Describe the bug I have implemented AWS Cognito login using AWS SDK Android.

It works well in other cases but when I kill the app and relaunch it, The session expires and it goes into the getAuthenticationDetails method after updating the library versions.

It was working fine before updating the AWS SDK and Amplify SDK. The issue arises after updating AWS SDK from 2.35.0 to 2.71.0 and Amplify SDK from 1.36.2 to 2.8.4.

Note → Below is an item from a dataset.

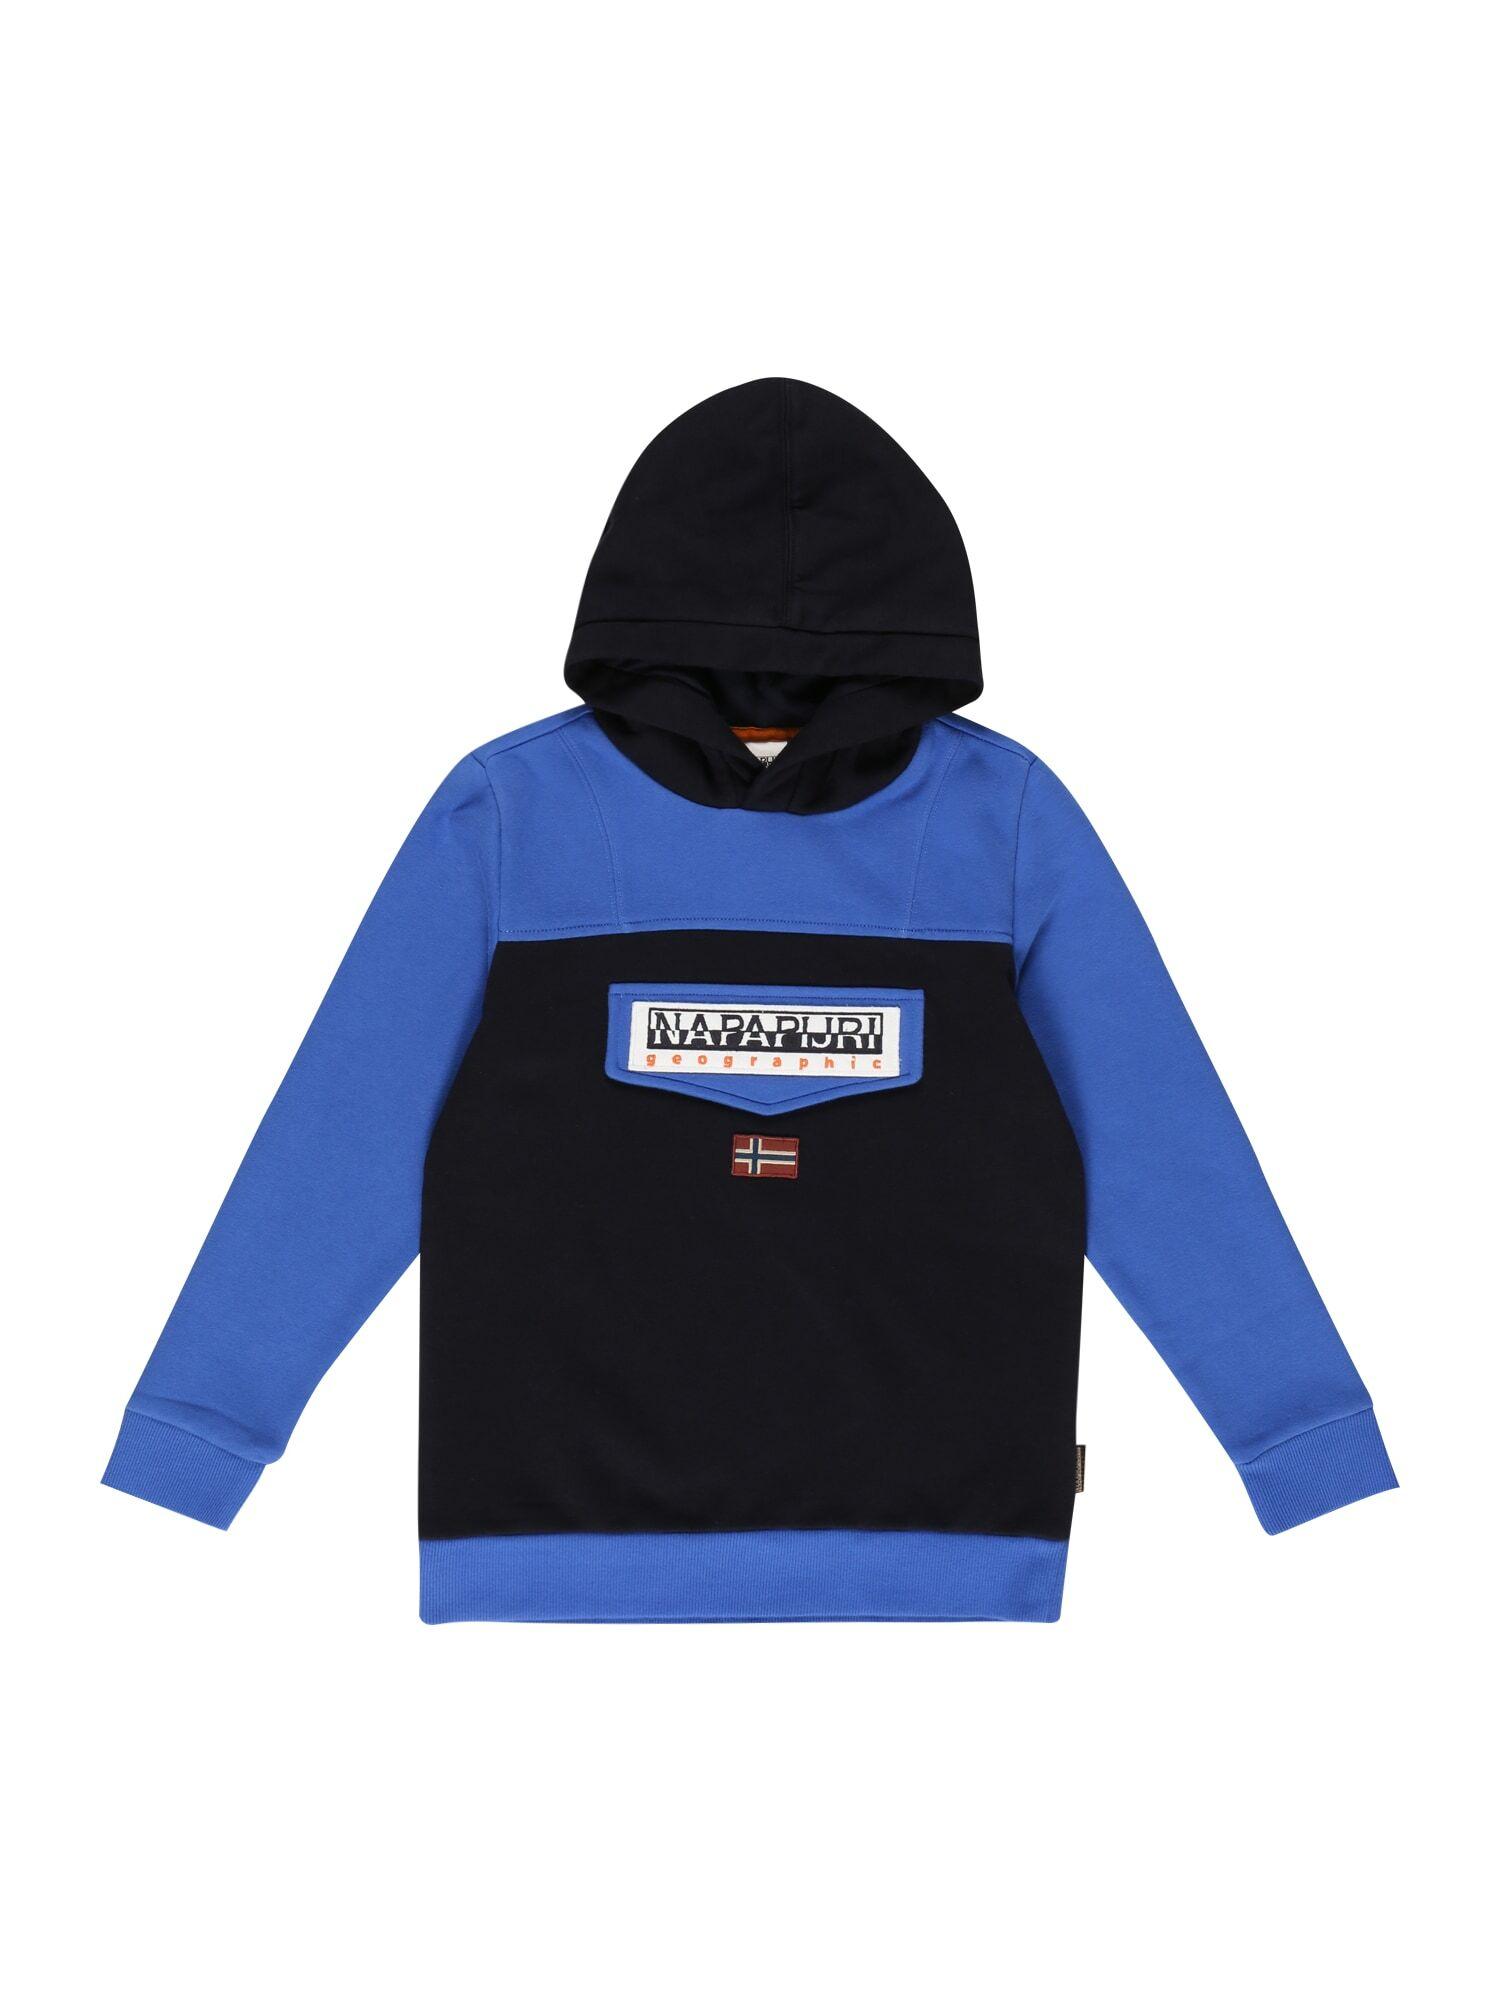 NAPAPIJRI Sweat-shirt 'BURGEE'  - Bleu - Taille: 10 - girl

I have two instances of the same project one is staging and one is production. It works well in my Staging instance but not working in production. The version is the same in both cases. Everything at the code level is identical in both the instances so the cognito and Userpool settings. So not sure what the issue can be.

A code sample:

pool.getUser(userId).getSessionInBackground(new AuthenticationHandler() {
            @Override
            public void onSuccess(CognitoUserSession userSession, CognitoDevice newDevice) {
                token = userSession.getAccessToken().getJWTToken();
                semaphore.release();
            }

            @Override
            public void getAuthenticationDetails(AuthenticationContinuation authenticationContinuation, String userId) {
                lastTokenRetrievalFailureMessage = "Cognito Userpools is not signed-in";
                Log.d("Cognito", "getAuthenticationDetails: ");
                semaphore.release();
            }

            @Override
            public void getMFACode(MultiFactorAuthenticationContinuation continuation) {
                lastTokenRetrievalFailureMessage = "Cognito Userpools is not signed-in";
                Log.d("TAG", "getMFACode: ");
                semaphore.release();
            }

            @Override
            public void authenticationChallenge(ChallengeContinuation continuation) {
                lastTokenRetrievalFailureMessage = "Cognito Userpools is not signed-in";
                Log.d("TAG", "authenticationChallenge: ");
                semaphore.release();
            }

            @Override
            public void onFailure(Exception exception) {
                //lastTokenRetrievalFailureMessage = "Cognito Userpools failed to get session";
//                FirebaseCrashlytics.getInstance().recordException(exception);
                semaphore.release();
            }
        });

Which AWS service(s) are affected? aws-auth-cognito

Environment Information (please complete the following information):

• AWS Android SDK Version: 2.71.0
• AWS Amplify Android SDK version: 2.8.4
• Specific to simulators: No

[tylerjroach]

@bhavik45 What use case are you attempting to solve by using both the AWS Android SDK and Amplify v2 at the same time?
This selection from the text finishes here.